In this case, a search warrant was secured allowing the
installation of a Global-Positioning-System (GPS) tracking device on a Jeep
registered to the defendants’ wife. This
was supposed to be installed in a certain state and within 10 days. However, the GPS was installed 11 days later
and in another state. In effect, the
vehicle was tracked without a warrant for almost a month. Hence, by “means of signals from multiple
satellites, the device established the vehicle’s location within 50 to 100
feet, and communicated that location by cellular phone to a Government
computer. It relayed more than 2,000 pages of data over the 4-week period.”
The defendant was later convicted of drug
trafficking conspiracy charges but this was overturned on appeal because of the
“admission of the evidence obtained by warrantless use of the GPS device which,
it said, violated the Fourth Amendment.” The government raised the issue to the U.S.
Supreme Court.
As affirmed by the U.S.
Supreme Court, the Fourth Amendment deals with the “right of the people to be
secure in their persons, houses, papers, and effects, against unreasonable
searches and seizures.” The Court held that a vehicle falls under the term
“effects” and that the “Government’s installation of a GPS device on a target’s
vehicle, and its use of that device to monitor the
vehicle’s movements, constitutes a ‘search.’” Placing the GPS on the vehicle was a physical
occupation of private property for the purpose of obtaining information. And “such
a physical intrusion would have been considered a “search” within the meaning
of the Fourth Amendment xxx.”
The Government argued
that the defendant “had no “reasonable expectation of privacy” in the area of
the Jeep accessed by Government agents (its underbody) and in the locations of
the Jeep on the public roads, which were visible to all.” The Court stated that the Fourth Amendment
also relates to insuring “preservation of that degree of privacy against
government that existed when the Fourth Amendmentwas adopted.” It made a distinction with previous cases
where electronic tracking devices were also installed on containers with the
consent of a third party which somehow ended up with the defendant who accepted
it. The transfer of the container with
the unmonitored beeper inside did not convey any information and thus did not
invade xxx privacy.” In this case, the
defendant “who possessed the Jeep at the time the Government trespassorily
inserted the information-gathering device, is on much different footing.”
The Government also
points to a previous decision where “[t]he exterior of a car . . . is
thrust into the public eye, and thus to examine it does not constitute a
‘search.’ ” The Court was unconvinced, finding that “xxx By attaching the
device to the Jeep, officers encroached on a protected area.” In any event, the Court stated that it is not
deviating “from the understanding that mere visual observation does not
constitute a search” such that “[a] person traveling in an automobile on public
thoroughfares has no reasonable expectation of privacy in his movements from
one place to another.” This seems to raise
the question, what is the real difference between the police tailing a suspect
and placing a tracker on his car instead?
It seems the difference is that a device was placed on the car without a
warrant which appears to have been what the Court found objectionable.
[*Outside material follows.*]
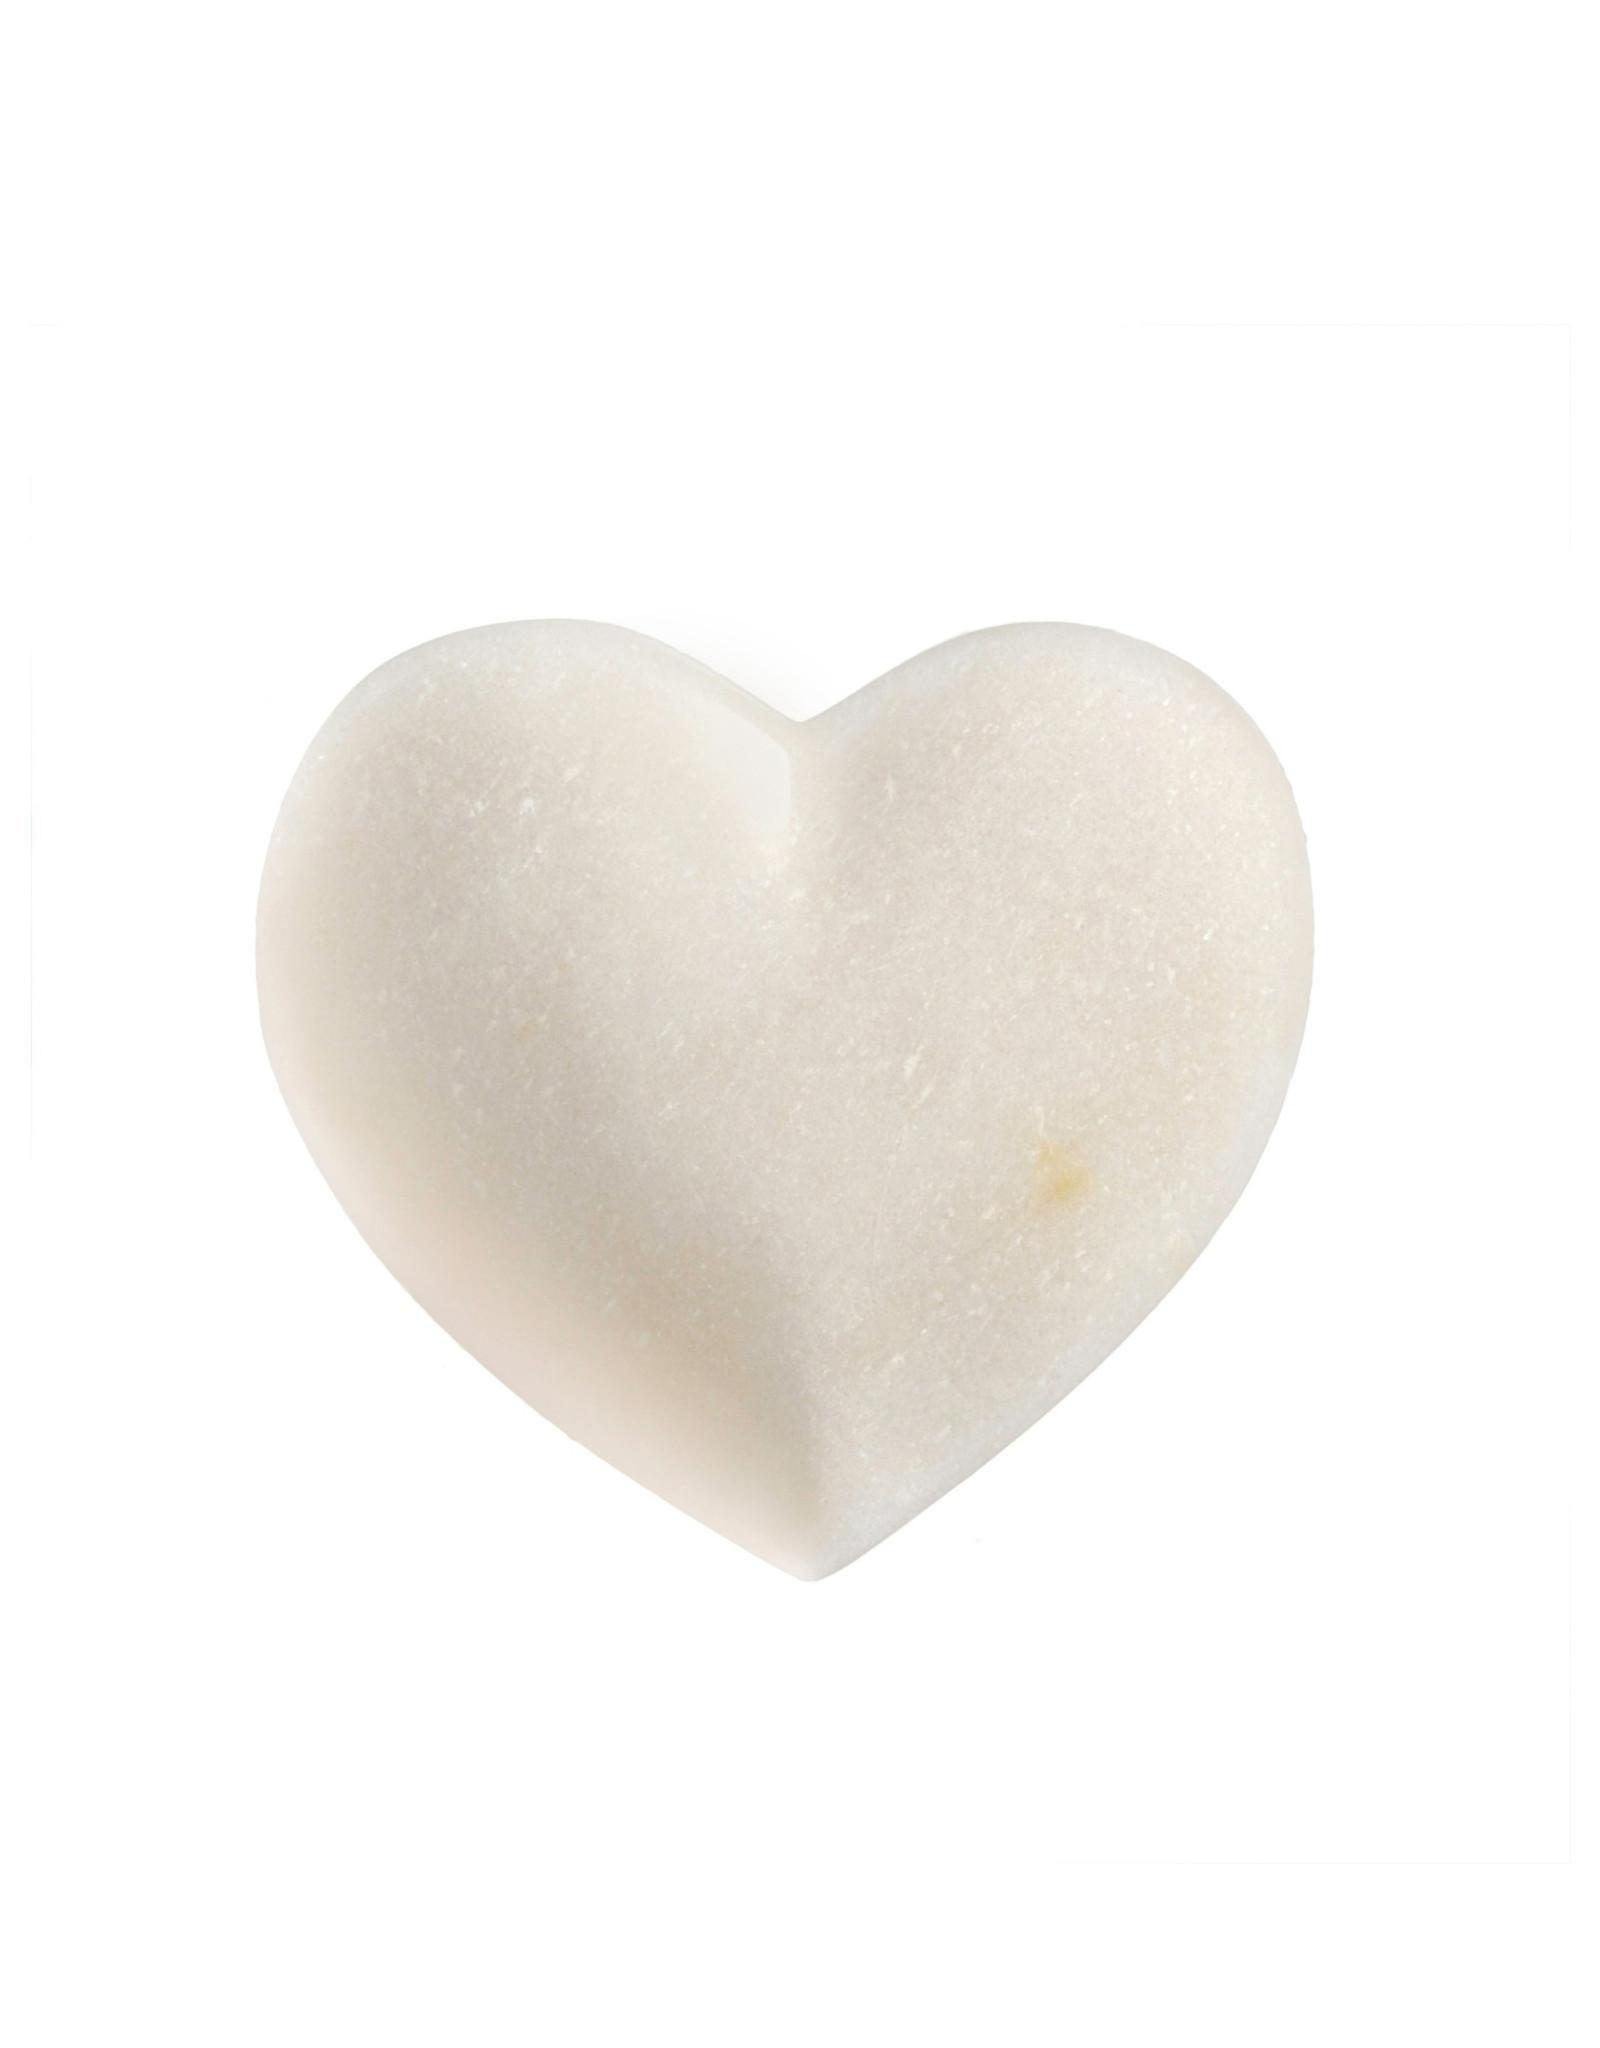 Indaba Marble Heart Dish - Large

Law
enforcement authorities do not have an untrammeled discretion to effect
searches on citizens either through GPS or other physical means.
This can be a
philandering husband’s worse nightmare, a GPS tracker attached to his car by
his wife to trace his whereabouts.
Unfortunately for him, this decision only targets possible excesses by
law enforcement, not the possible actions of a suspicious spouse.